Life’s but a walking shadow,
[…]
It is a tale
Told by an idiot of sound and fury,
Signifying nothing[33]
.Женева, Цюрих, Лозанна
1990–2015
Иногда бывает шум.
Как сегодня.
Пронзительный, диссонирующий, резкий.
В их голове.
У них обоих — они просто уничтожены.
Он скорчился в углу кабинета.
Она уронила голову на стол, спрятав лицо в скрещенных руках.
И в наших головах тоже шум.
У меня и у коллег.
Мы застыли на стульях, не зная, что сказать, не зная, что сделать, чтобы вернуть их в реальность.
Ее отрывистые короткие стоны то и дело разрезали тишину.
— Я должна была ее послушать. Она не хотела идти на операцию.
Новый взрыв рыданий.
Чтобы немного успокоить их совесть, я несмело произнес:
— Мы должны были сделать эту операцию. Вам не в чем себя упрекать. Это было необходимо.

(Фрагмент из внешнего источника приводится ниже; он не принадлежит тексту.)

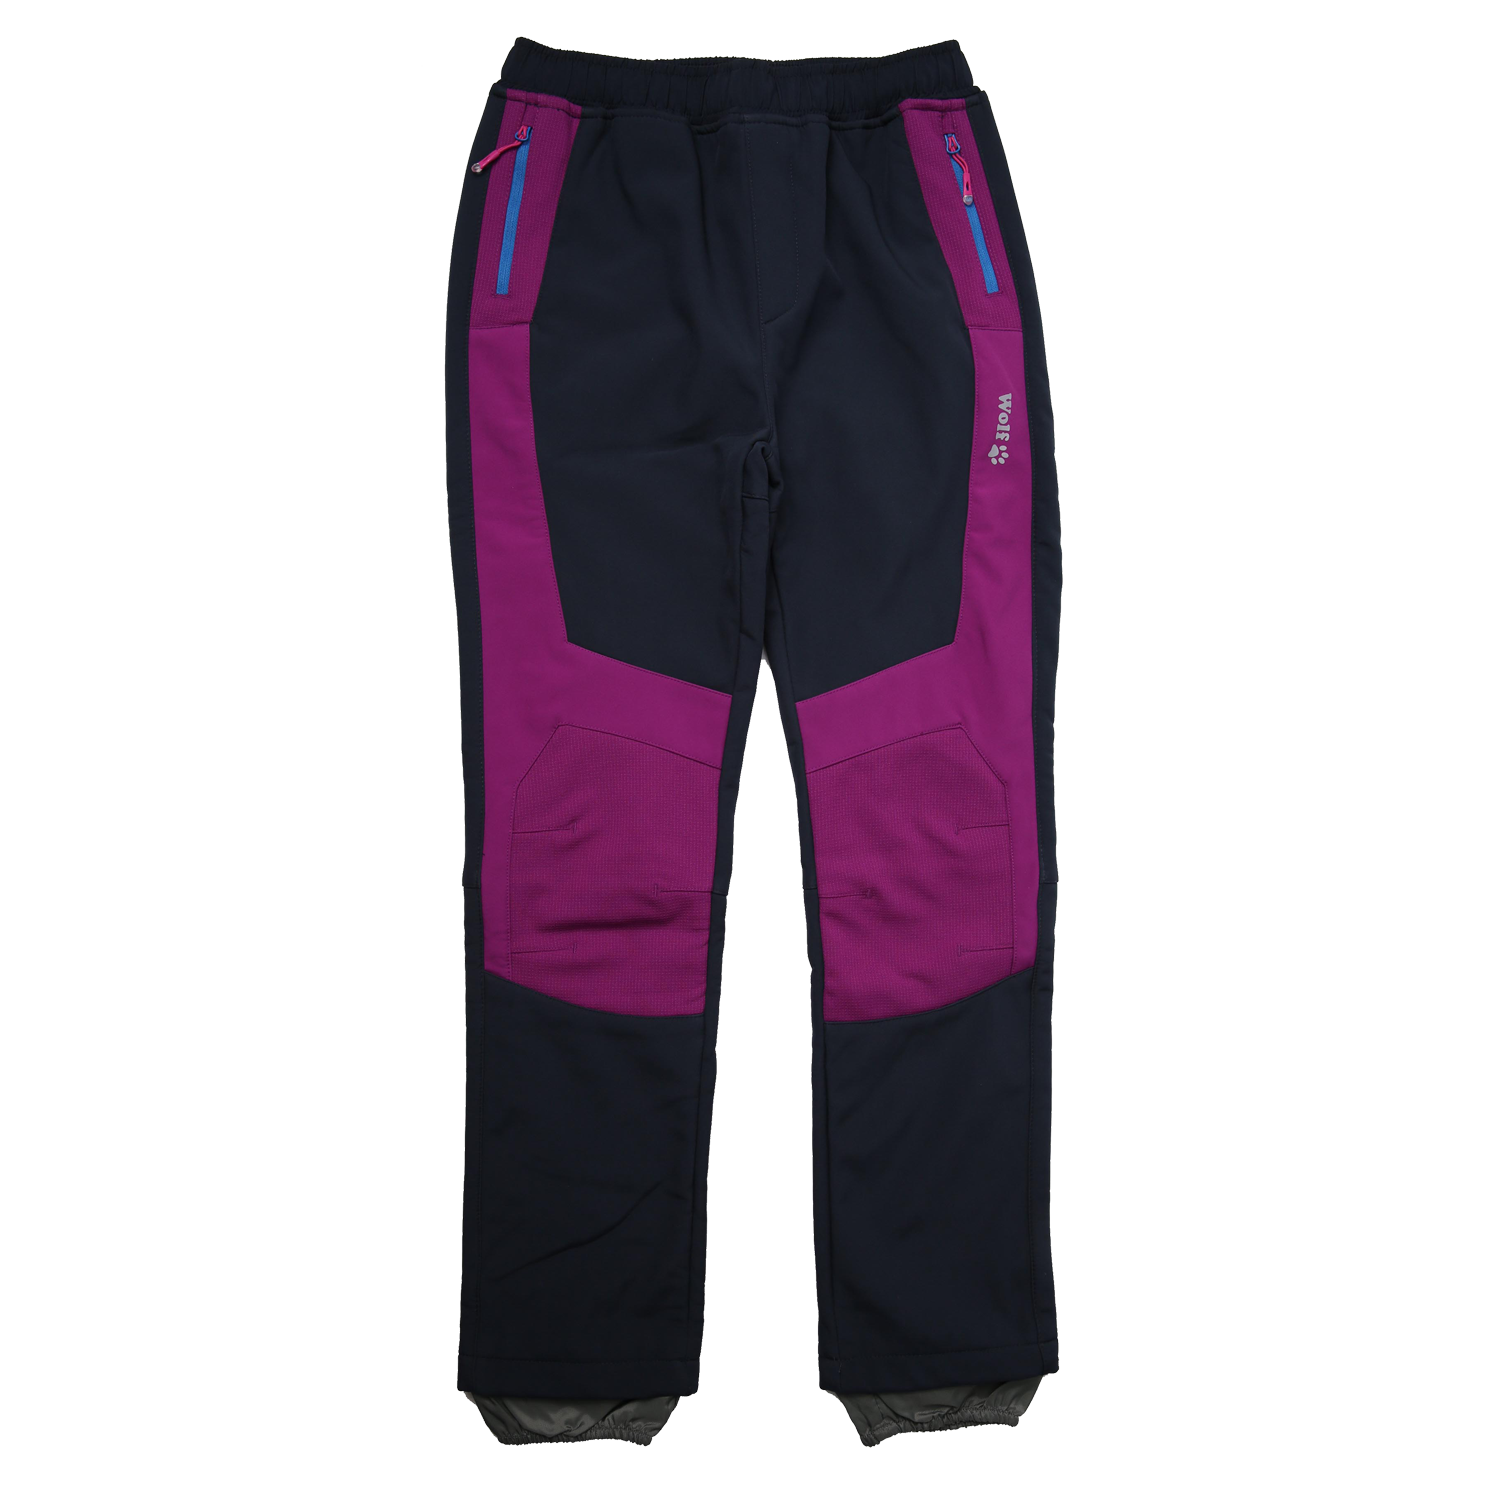 Dívčí softshellové kalhoty, zateplené - Wolf B2295, tmavě modrá/ fialovorůžová Barva: Modrá tmavě, Velikost: 134
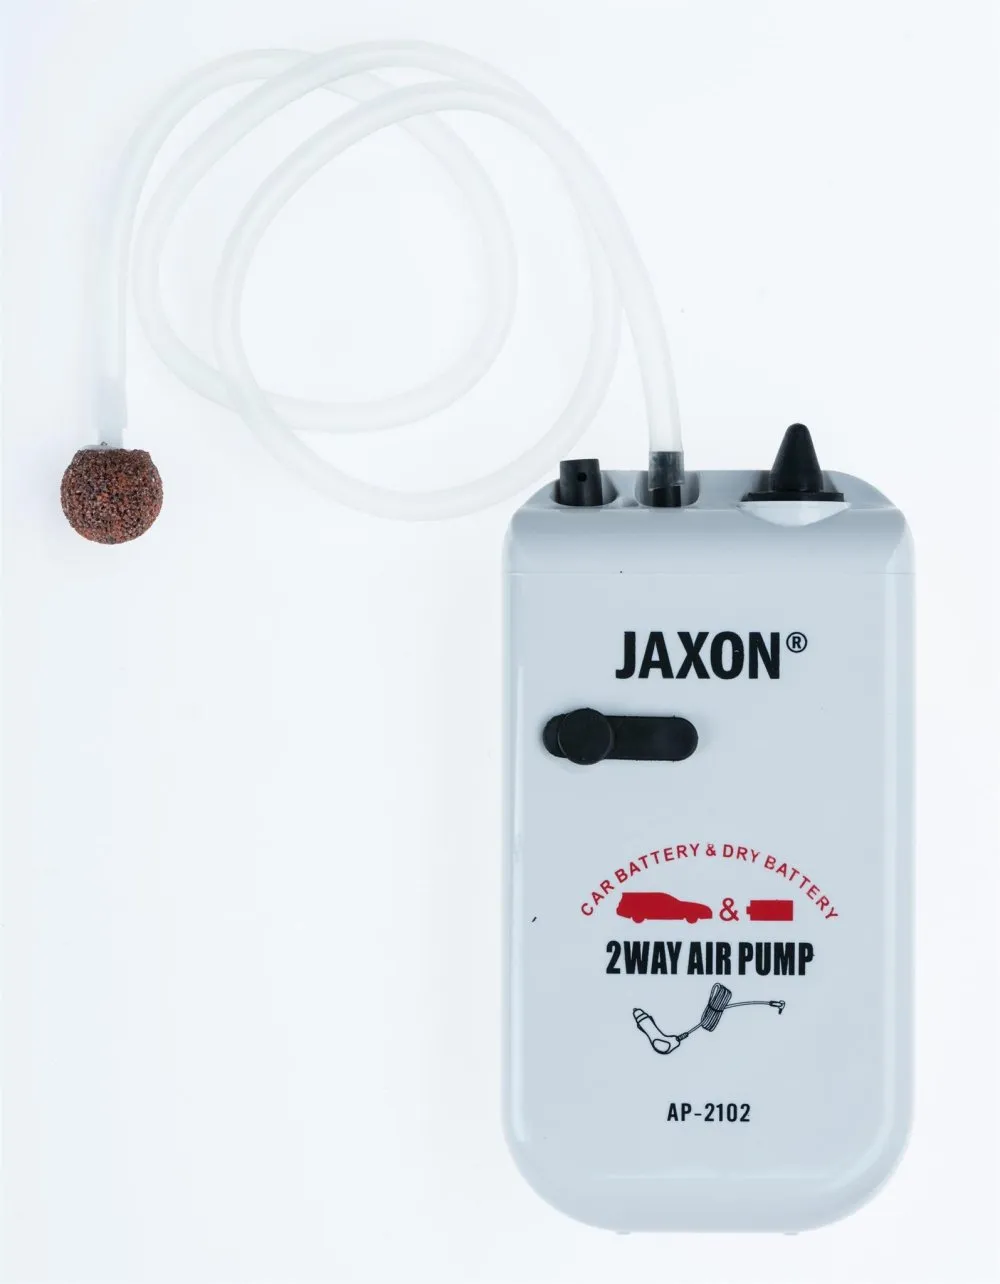 SNECI - Horgász webshop és horgászbolt - JAXON AIR PUMP 2xR20 - 1,5V NOT INCL.

Этот шум, этот крик вызвала она, их малышка. Она уже отметила четвертый день рождения. Да, она все еще была немного синюшной, но в ней так и искрилась жизнь. Шалунья и егоза, она никогда не сидела на месте. Она завладела всем пространством в семье, ее присутствие было ярче, а достававшееся ей внимание больше, чем у брата и сестры. И при этом она появилась на свет всего с одной половиной сердца, и ей сразу же после рождения пришлось выдержать первую сложную операцию. Коррекция таких половинных сердец требует трех вмешательств: два в первые месяцы жизни, последнее немного позднее, после двух лет. Риск при этих операциях неравномерен: он очень велик во время первой операции, средний — для второй и небольшой — для третьей. Сегодня, в какой-то степени против всяких ожиданий, именно во время последней операции, наименее опасной, что-то пошло не так. Хотя операция вроде бы прошла хорошо, и вначале мы сообщали родителям скорее хорошие новости. Но девочка не просыпалась. Утром ее зрачки начали расширяться, потом перестали реагировать на свет — крайне тревожный признак. Сканирование подтвердило появление очень опасного отека мозга. Через несколько часов пришлось признать очевидное: при таком патологическом развитии ситуации, которое мы не могли остановить, ее мозг, продолжавший опухать, больше не получал кровоснабжения. И теперь он умер. Малышка умерла.
При последней операции.
Наименее рискованной.
Мы не находили себе места, видя родителей девочки. Мы были вполне уверены, что провели операцию по всем правилам, а с технической точки зрения — мастерски. Причина такого повреждения мозга оставалась загадкой. Ни разу наши мониторы не отмечали проблем с кровоснабжением. Ни разу. И все же… Девочку настигла смерть именно во время нашей операции. Без нас, без нашего вчерашнего вмешательства она была бы еще жива. И хотя мы не чувствовали своей прямой вины в этой драме, мы чувствовали свою ответственность за нее.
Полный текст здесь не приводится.